ACTION 616.3: DB and SL will discuss how best to progress replacement of TW’s role.

SI-2 ATLAS Weekly Review and Plans (RJ)
—————————————
Nothing of signifance to report. Broader discussion on computer model, but nothing new to report on operational issues and no update on the issue with the pilot from last week – this has been challenging to trace. DB is preparing a short paper for the PMB on recommendations for evolution of Tier-2 at a high level to provide a simplified message re procurement of kit. DB discussed with RJ at CERN to understand Atlas’ requirements, he is awaiting input from DC and will then circulate to the PMB for comment before circulating to Tier-2s. The statement will present how GridPP would like them to evolve but they will have flexibility and be able to judge their procurements against the suggested trajectory.

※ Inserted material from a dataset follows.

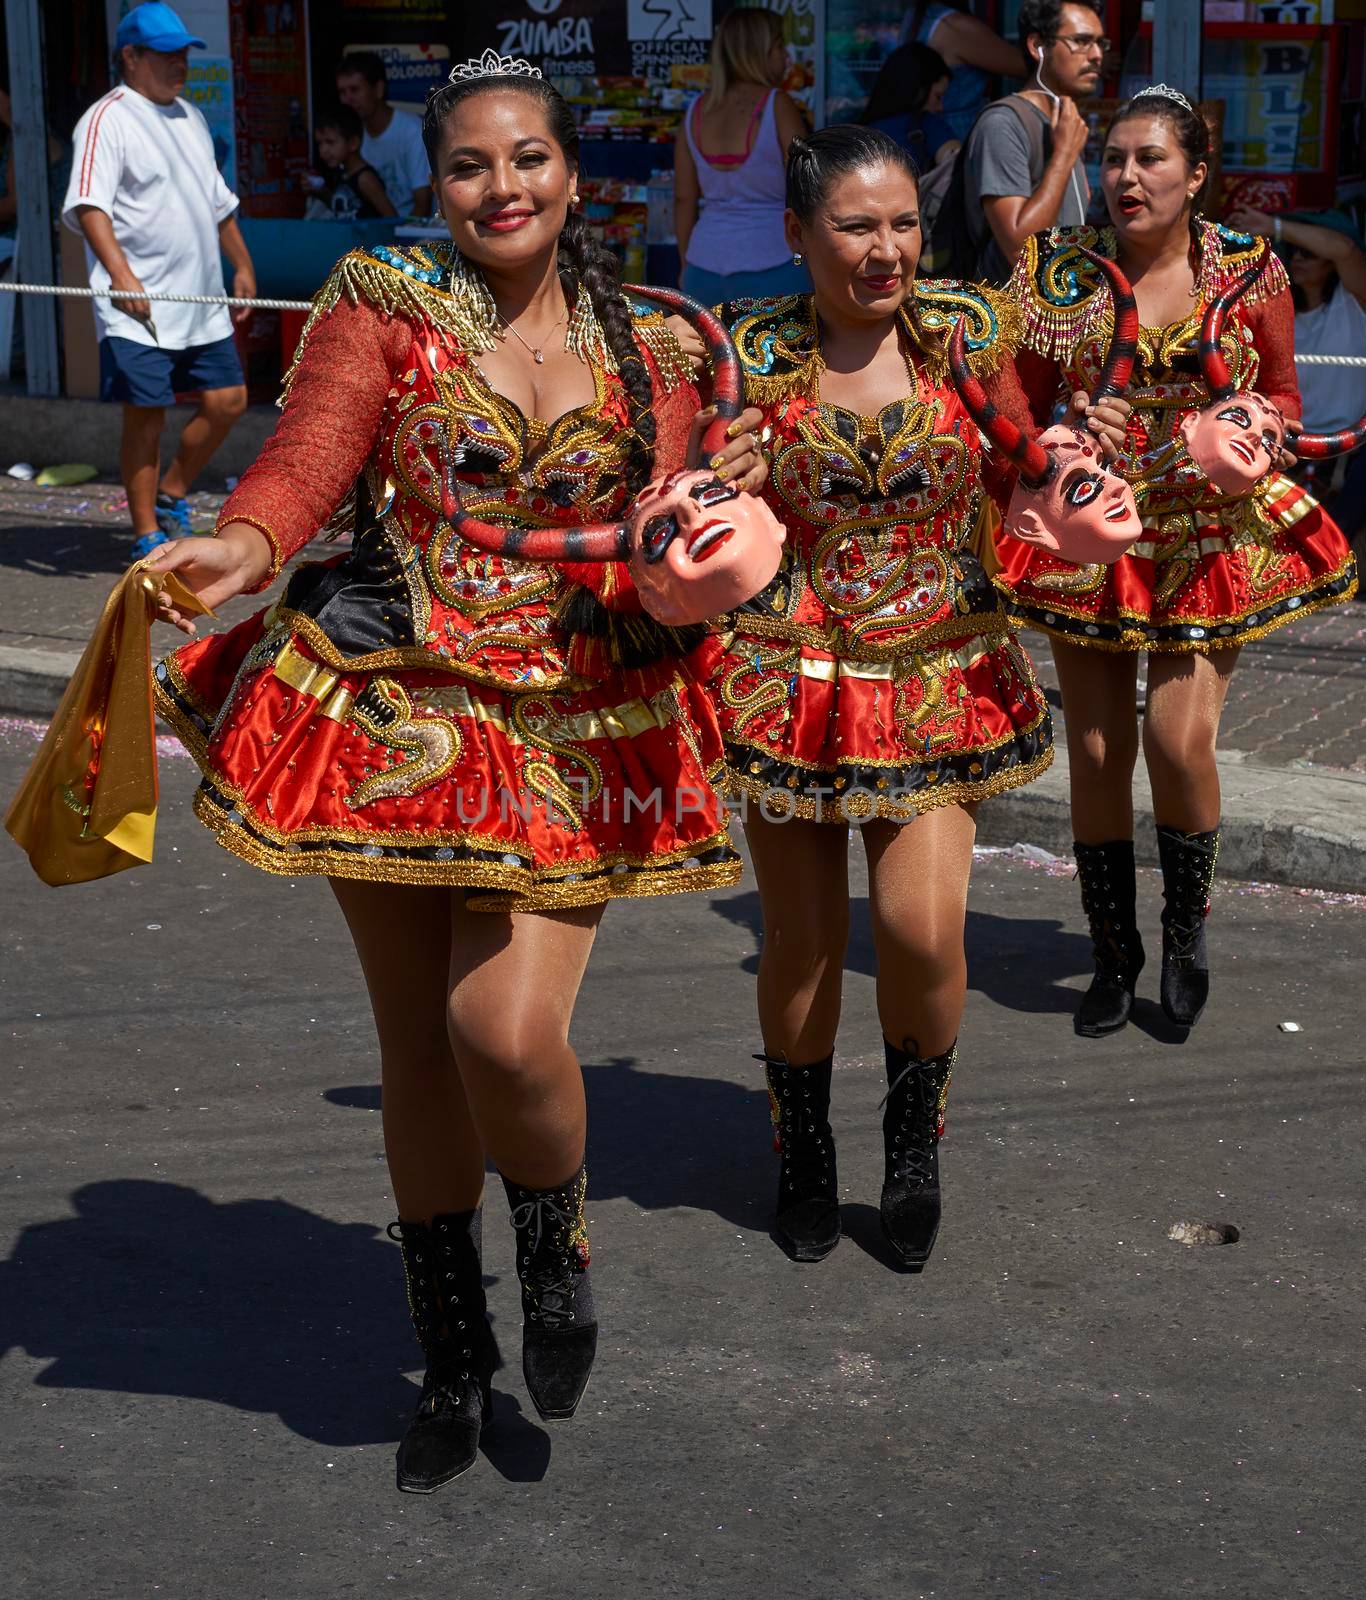 Diablada dancers at the Arica Carnival by JeremyRichards
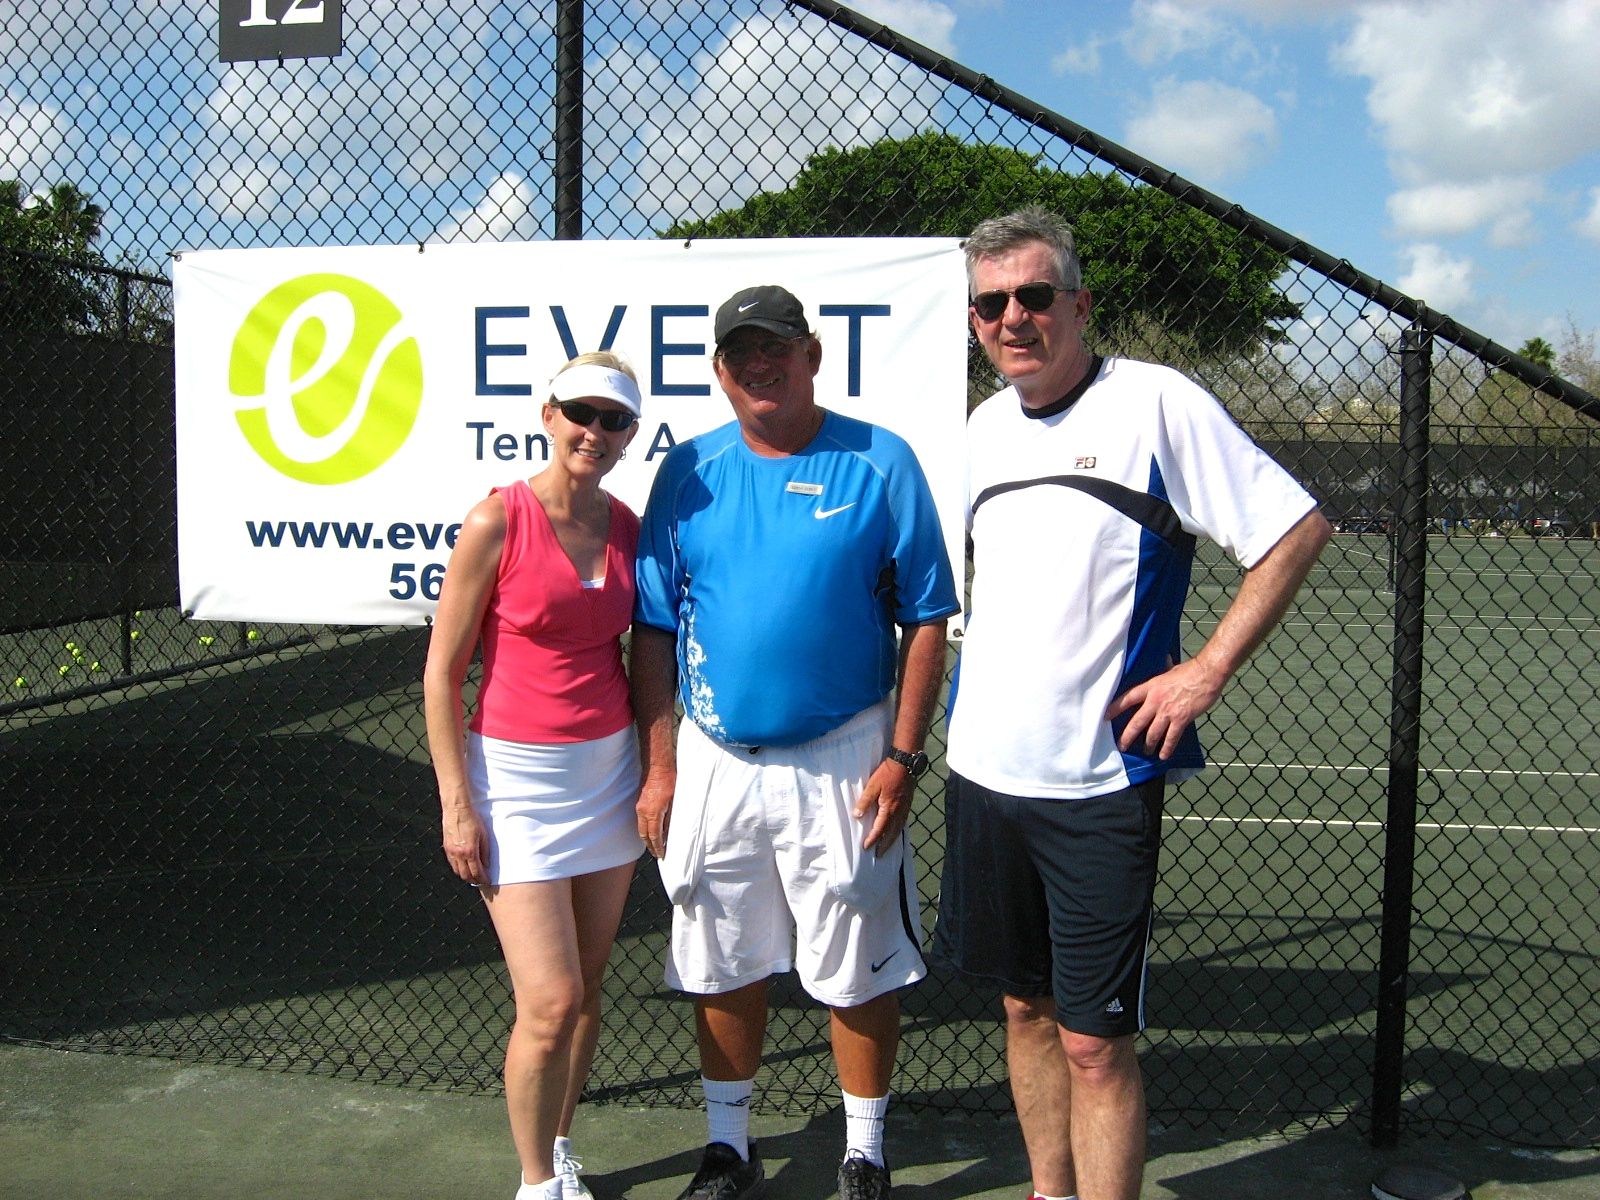 tennis-tourist-Evert-Adult-Tennis-Academy-Drew-Evert-Boca-Raton-Florida-teri-church

SI-3 CMS Weekly Review and Plans (DC)
————————————-
DC not present, no report submitted.

SI-4 LHCb Weekly Review and Plans (PC)
————————————–
Two issues re LHCb disk were discussed at the Ops meeting today, other than those there is nothing significant to report. GS updated there were 2 disk servers out from different batches – one seemed to have a failed disk which was replaced when a problem was flagged so this was understood. Both issues were related to separate concerns – GS has been monitoring the statistics which do not show cause for concern.

SI-5 Production Manager’s report (JC)
————————————-
1. There was a DPM workshop last week in Paris: https://indico.cern.ch/event/559673/. There remains a strong community effort in this area. Sam represented GridPP. One issue arising for us is the possible deprecation of the DPM interface to ARGUS.

2. QMUL have engaged a Chinese group working on investigations related to a future circular electron positron collider (CEPC). They also run a multi-VO DIRAC instance. Currently only QMUL are involved but CEPC could use additional resources. Is this an area where we might like to pursue more collaboration?

3. Planet GridPP run by Glasgow for our GridPP blog posts is being moved to run on a VM this week. Testing has gone well.

4. VO Nagios for LSST has started and is indicating various issues to follow-up (and thus highlights the need for this type of service): https://vo-nagios.physics.ox.ac.uk/nagios/cgi-bin/status.cgi?servicegroup=lsst&style=detail.

5. The dune VO started a production run last week and one of their principle sites encountered problems, so there was a push for more sites to enable the VO.

6. NA62 has been set up with a support unit in GGUS.

SI-6 Tier-1 Manager’s Report (GS)
———————————
– There a problem on one of the Power Distribution Units to a rack in the UPS room during last night. This affected two network switches – which in turn affected some core services (including the TopBDII). This was resolved by a member of staff attending during the night.

Castor:
– There was some problems with the CMS Castor instance during last week. A restart of the “transfermanager” on Friday cleared out a backlog of transfer requests that were not progressing – and this enabled the service to work normally.
– As reported before the testing of Castor 2.1.15 is largely complete. Owing to staff availability this update will be carried out in the New Year, with the intention of completing it by the end of January.
– We are looking to merge smaller disk pools into larger ones for both LHCb and Atlas. We are planning to do this on the 8th December.

Tape:
– Migration of LHCb data from ‘C’ to ‘D’ tapes ongoing. Approaching the 40% mark with just over 600 out of the 1000 tapes still to do.

Services:
– The FTS service was upgraded to version 3.5.7 last week.

Infrastructure:
– There was maintenance on the UPS and generator last week.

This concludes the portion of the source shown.